Мёртвый город с презрительным молчанием наблюдал за моим путешествием, являя мне изредка лишь хозяйничающие в дворовых помойках небольшие уязвлённые псовые стаи, чей лай эхом разносился по пустым дворам, и трупы гражданских и военных, часть из которых разложились в тёмную, смрадную мазь. Остановившие своё движение трамваи одиноко доживали свой век с раскрытыми дверями, ожидая пассажиров, которые никогда больше не появятся. Серые девятиэтажные гиганты с уродливых видов балконами, некогда ютившие людские создания, ныне представляли из себя ничто иное, как бетонные могильники, которым предстояло теперь бесконечно увядать, обратившись рано или поздно в пыль; без своих обитателей, они не способны были по-настоящему жить.
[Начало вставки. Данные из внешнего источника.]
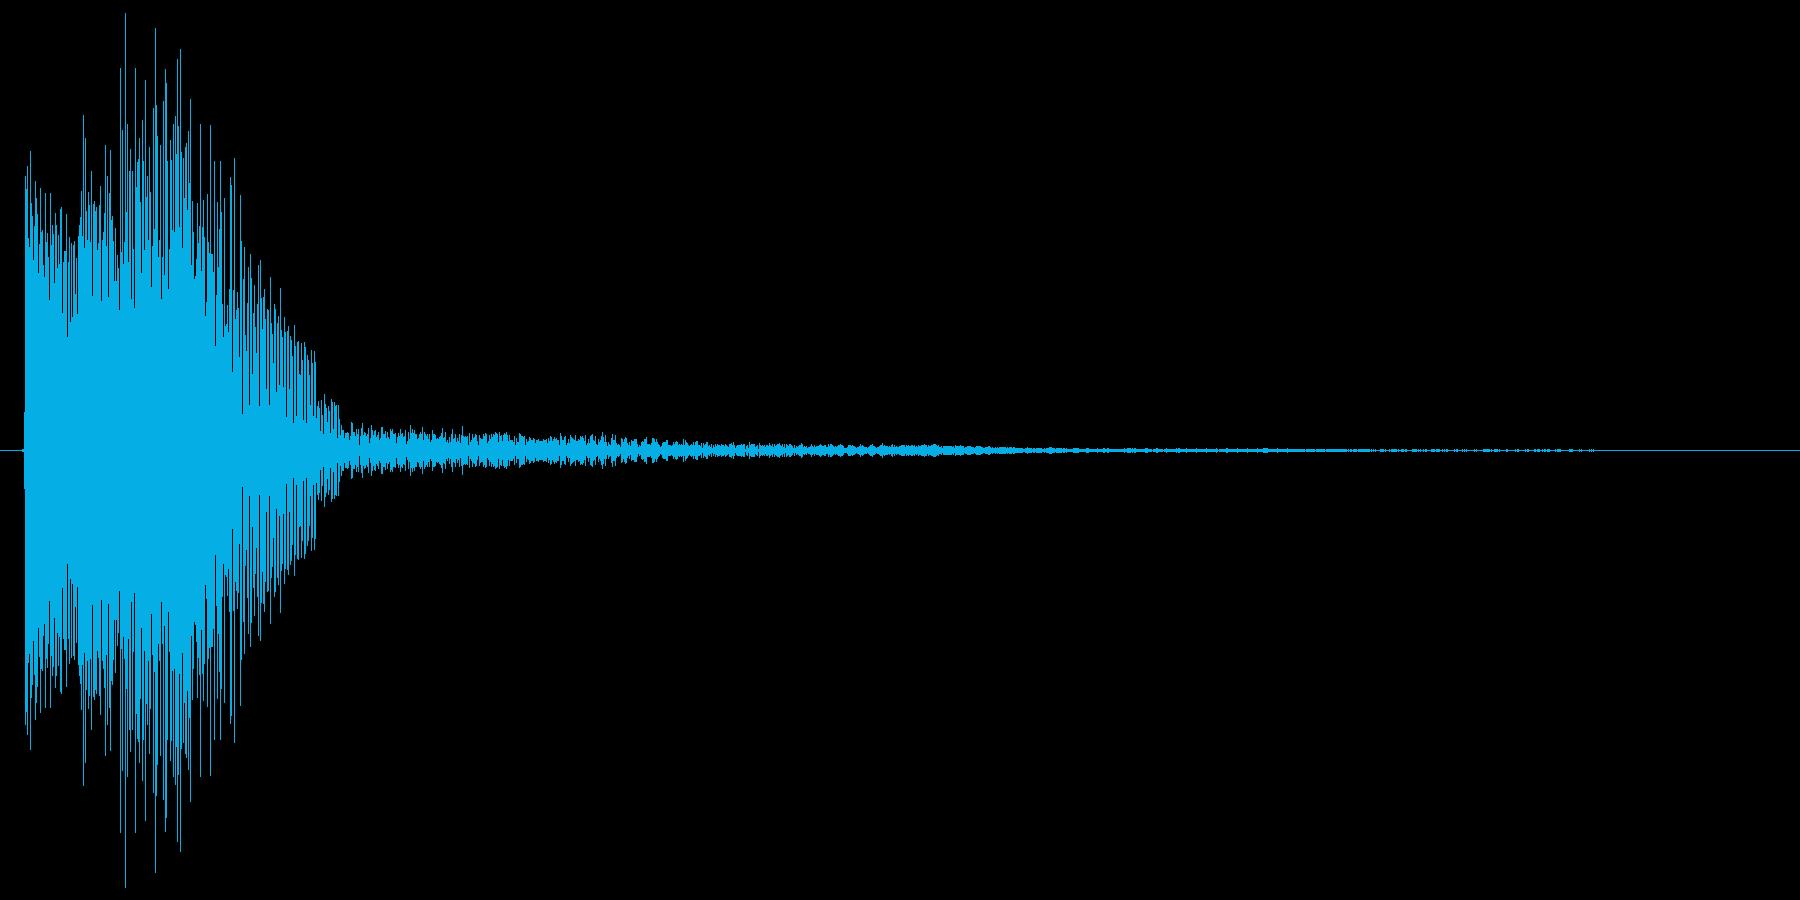 シンセ下降系のシンプルなキャンセル音の再生済みの波形

В этом есть своя трагедия. Муравейники, чьи крыши связаны между собою длинными, обвисшими проводами, передававшими друг другу колебания ветра, погибли быстро и безболезненно; огромная сеть в какой-то момент словно обнаружила себя поражённой смертельной болезнью и завершила свою жизнь по собственному же желанию.
Лесные насаждения, расположенные вдоль муравейников, также не отличались здоровым видом: ветви лип и клёнов несли на себе угольно-чёрные, словно впитавшие нефть, листья. Город оказался погружён в мрачные, серые и тёмно-серые тона, не скрывая своего холодного настроя для сиротливого путника. Всякое проявление жизни здесь, как видится, будто бы крепким узлом связано со смертью. Бесцельный путь и ни единой человеческой души.